Mais tarde, foi para uma reunião na ONG. Discutiu como poderiam os seus companheiros apoiar a próxima ação do movimento dos sem-terra. Ligou para o vereador Zé Silveira, pedindo um apoio e ouviu satisfeito que um núcleo de universitários se dispôs a ajudar em uma panfletagem contra o latifúndio.

Eram oito da noite e o dia havia sido muito proveitoso. Resolveu dar uma relaxada.

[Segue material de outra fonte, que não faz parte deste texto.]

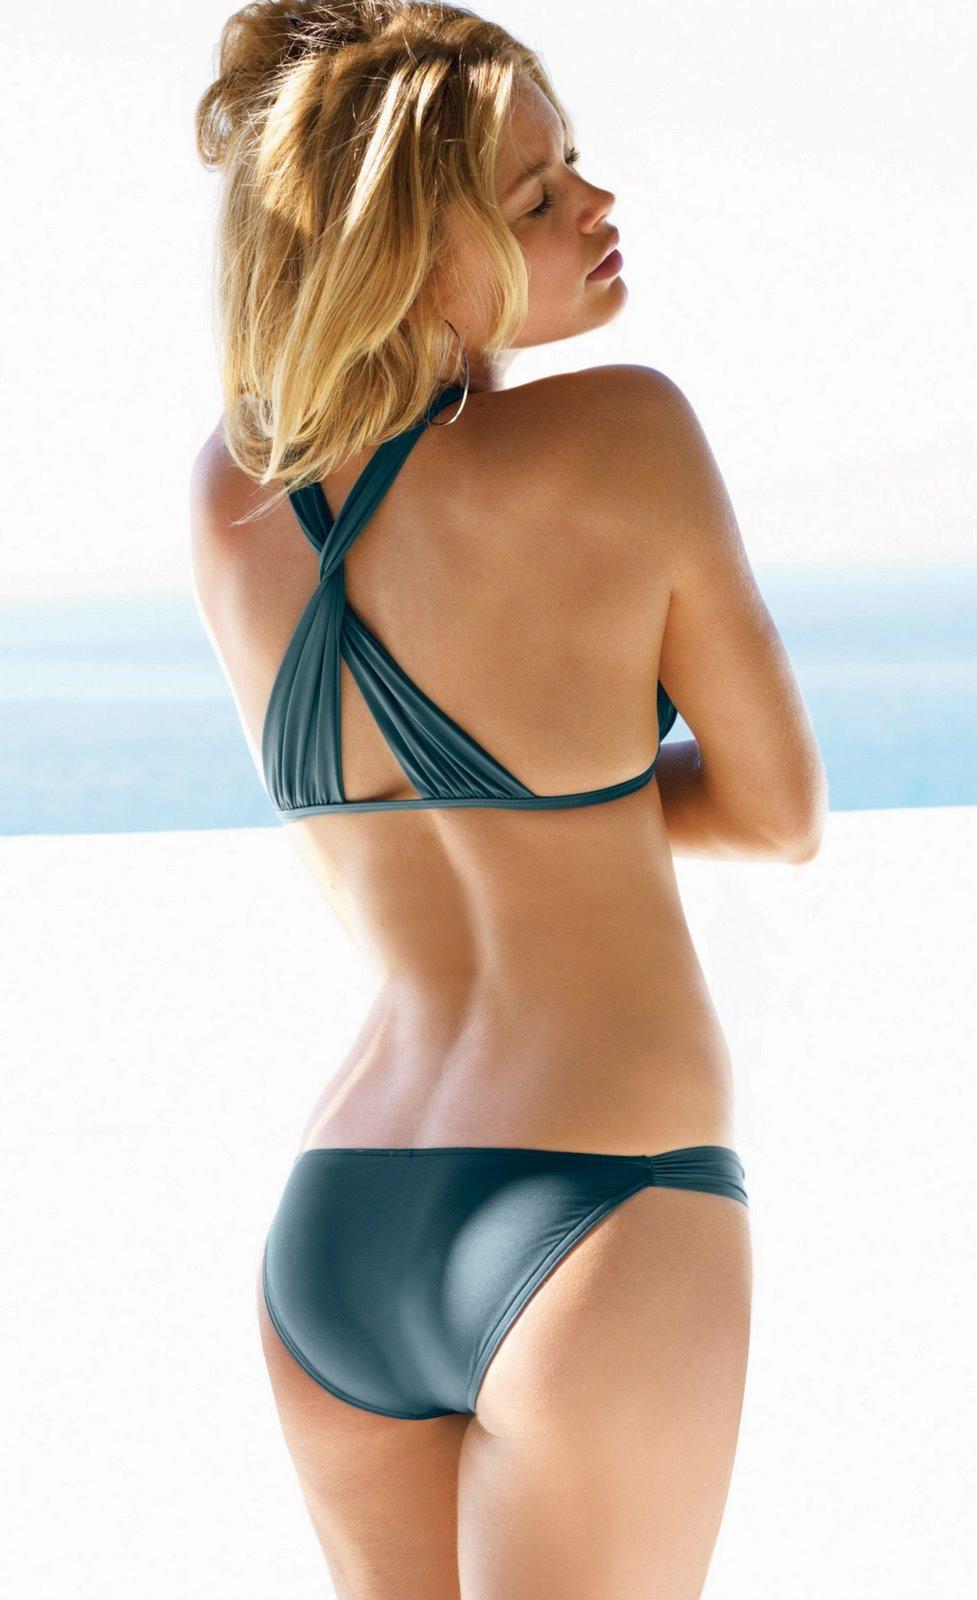 Kroes pic doutzen bikini

Pegou o carro e foi até a Rua Carlos Gomes. Já havia movimento. Aproximou-se de duas jovens, que estavam encostadas na parede de uma oficina de consertos. Baixou o vidro do carro.

– Oi, meninas! Ocupadas?

– Não. Estamos aí… – falou uma delas, morena, vestida de short azul.

– Quanto é?

– Quarenta. Completo, sessenta.

– Completo?

– Sim. Com anal.

– E você?

A outra garota se aproximou.

– Quarenta também.

– E completo?

– Não faço completo não.

– Não faz? Tudo bem.

– Se o o senhor quiser, tem o Castelinho aqui perto… – a de short azul parecia mais interessada.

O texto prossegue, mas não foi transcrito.